NFPA 701: What is the Small Scale Test?

13.03.2012 § Leave a comment

(No. 1 of 3) When referring to drapery fire tests, we often hear people talk about the “vertical fire test” or “small scale”. The actual test code is NFPA 701. (NFPA stands for National Fire Protection Agency.) Since the test is done vertically, compared with, say, ASTM E-84 which is done with the fabric lying horizontally, NFPA 701 is nicknamed the vertical test.

The latest NFPA 701 version was updated in 2010, although its two test methods have hardly changed since 1996. We use NFPA 701 Test Method #1 for lightweight, single layer draperies. In this test, a hanging fabric is exposed to a 4” flame for 45 seconds; whether it passes depend on how much weight the fabric loses when it burns and whether any pieces that break off continue to burn. This second criterion is sometimes called drip burn.
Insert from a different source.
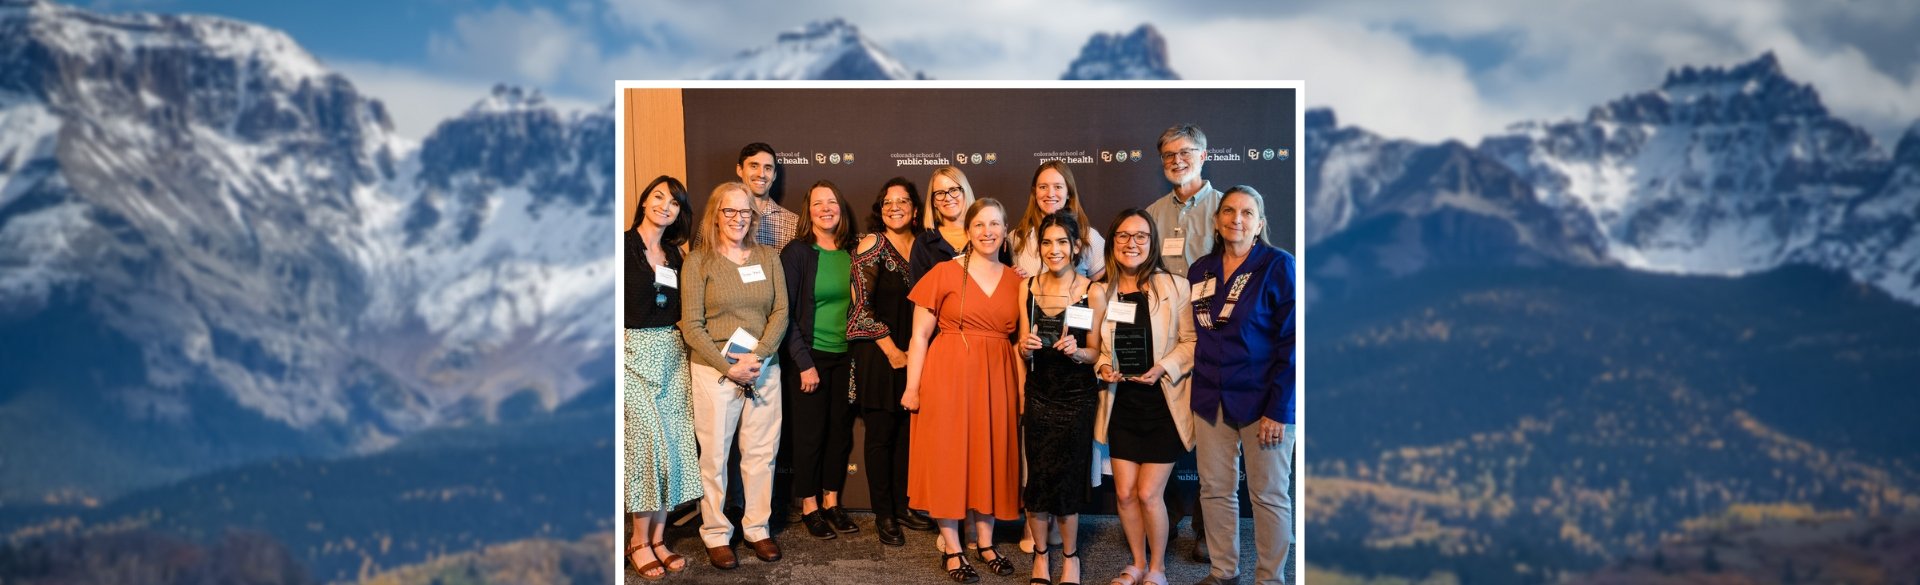 Award recipients lined up smiling with mountain background

For a long time, ACT used the 1989 version of NFPA 701 as the flammability guideline for draperies, and they only adopted the new version last year. The NFPA 701 test from 1989 was the small scale test. Even though people still say “small scale,” in a way the test itself is obsolete since it’s evolved into these later versions. The 1989 test used a smaller flame, and the fabric was exposed to the flame for less time. The criteria were different too. Instead of focusing on mass loss, the 1989 small scale test measured char length, which is exactly what it sounds like: how far up the fabric the flame spreads.

Below is a summary of the differences between the NFPA 701 tests. I will address Test Method #1 more in a later post, and maybe share some test results as an example.

Test Flame Pass Criteria
2010 Test Method #1 4 inches
for 45 seconds
No more than 40% mass loss
No more than 2 seconds drip burn
1989 Small Scale 1.5 inches
for 12 seconds
No more than 6.5” average char length
No more than 7.5” individual char length
No more than 2 seconds drip burn

If a fabric needs to be treated to pass 701, it’s possible that the treatment might allow it to pass one of these tests but not the other. A finisher’s formula may work for 90% of the fabrics they try, but the other 10% might need to go through 3 or even 4 different formulations before one of them works. Flame retardant treatments aren’t one-size-fits-all; and even with a finish, a fabric could pass one version of 701 but fall into that 10% for the other.